'Oh Boy' director Jan-Ole Gerster brings new film to Munich
July 5, 2019These past years, there has hardly been another German film debut that has been as overwhelmingly successful at the box office, and with critics, as Oh Boy (2012). When director Jan-Ole Gerster presented his graduate film starring Tom Shilling (Generation War, Brecht) at the Munich Film Festival seven years ago, nobody suspected what was to come, least of all Gerster.
International arthouse hit
It was like a fairy tale, Gerster told DW, adding that Oh Boy (also released internationally as a A Coffee in Berlin) was a low-budget film school production that struggled to find a distributor.
"It would never have seen the light of the screen but would have been broadcast on TV sometime after midnight," the director said, still amazed at how the film so suddenly took off.
When a distributor finally snapped up Oh Boy, the film toured festivals worldwide, collected dozens of prizes and was shown in movie theaters in about 40 countries, including the US, Canada, Japan, Russia and Australia.
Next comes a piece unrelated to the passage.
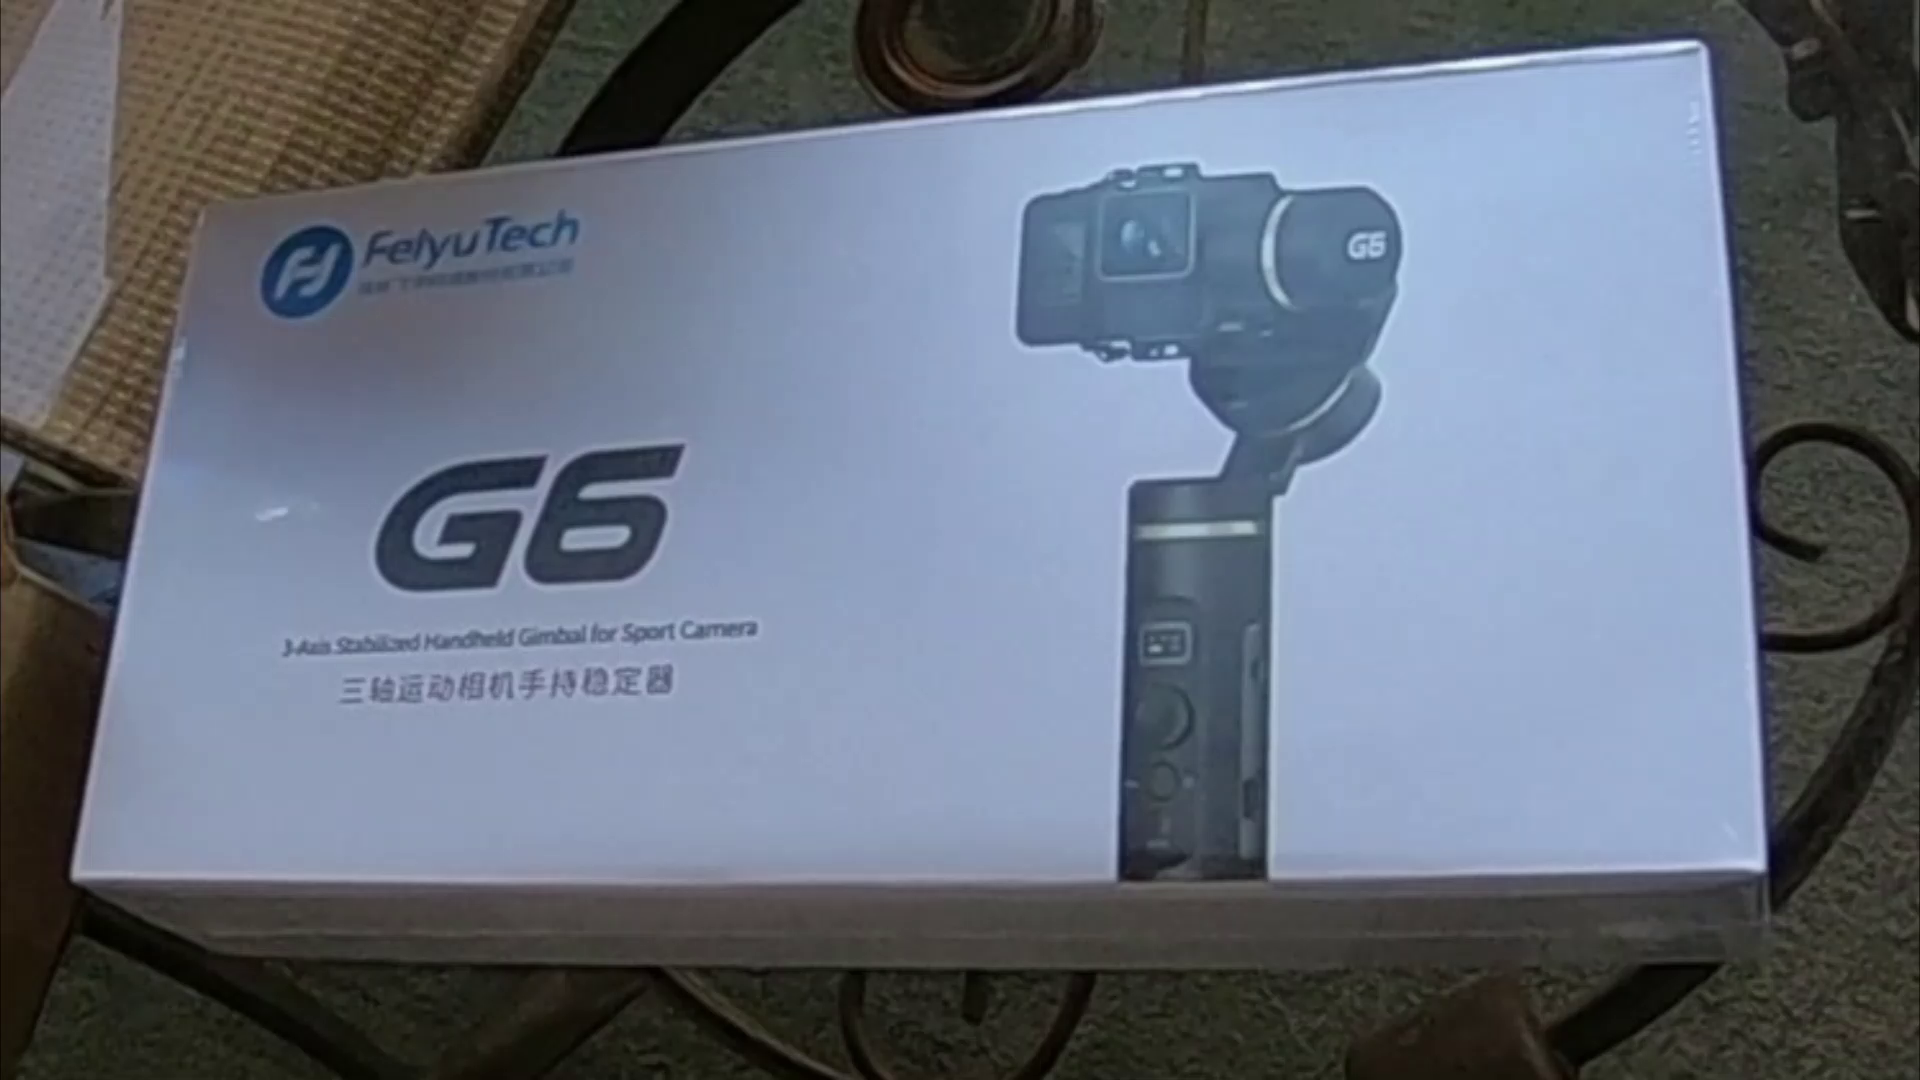 Amazon.com : FY FEIYUTECH Feiyu G6 3-Axis Splash Proof Handheld ...

The crowning glory was the European Film Award for the Best Debut.
"I'm very grateful that I once had this great experience and I don't think that it can be repeated with every film," Gerster cautioned as his sophomore film "Lara" finally made it to the big screen.
Feeling the pressure
Lara celebrated its world premiere at the festival in Karlovy Vary in the Czech Republic, followed two days later by its German premiere at the Munich Film Festival. The audience's and critics' expectations were high.
"Saying I hadn't felt the pressure after my debut film would have been a lie," Gerster said. "Of course, there are expectations — your own and other people's."
Read more: 37th Munich Film Festival: The power of reality
Oh Boy is an impressionistic film set across a single day in which Tom Schilling plays a melancholic young college drop-out and drifter who wanders bohemian Berlin. Lara too is set over the course of a day, but is a complex drama that has little resemblance to Gerster's breakout black and white film with strong French New Wave influences.
Set on the 60th birthday of Lara (Corinna Harfouch, Downfall), the film's opening scene sees the title character standing by the open window of her apartment. She climbs onto a chair and seems about to jump — but then, the doorbell rings. Lara opens the door and the story takes a different turn.
That same evening, Lara's son, a talented young pianist (Tom Schilling), is about to give his first big solo concert, where he plans to perform his own composition. Lara decides to visit the concert, buys all the remaining tickets and gives them to friends and acquaintances.
Art, dreams and failed expectations
It soon becomes evident that Lara has always been envious of her son's efforts to embark on a professional music career, it turning out that she herself once had similar aspirations. Lara is henceforth revealed to be highly resentful and insecure about her humdrum office job career — to the point of being suicidal.
Gerster was intrigued by the script that was written by Slovenian author and director, Blaz Kutin, who is also a friend. "I read it, and in a strange, peculiar way I was enthusiastic, fascinated and touched by this woman's story."
The protagonist stands for "a conflict and a fear that are not alien to me," the director says. "As a film student ... I remember thinking if I fail now it will be a bad experience forever."
Such empathy for the fact that Lara "has to realize she made the wrong decision," amounted to "a great tragedy" that Gerster wanted to explore more deeply. "As is often the case with people who act like that, there is usually great pain and disappointment at the bottom."
Time will tell where Gerster's career is headed after Lara. His second film has already been invited to other festivals and worldwide distribution is in the works. The director just may be in for yet another surprising cinematic success.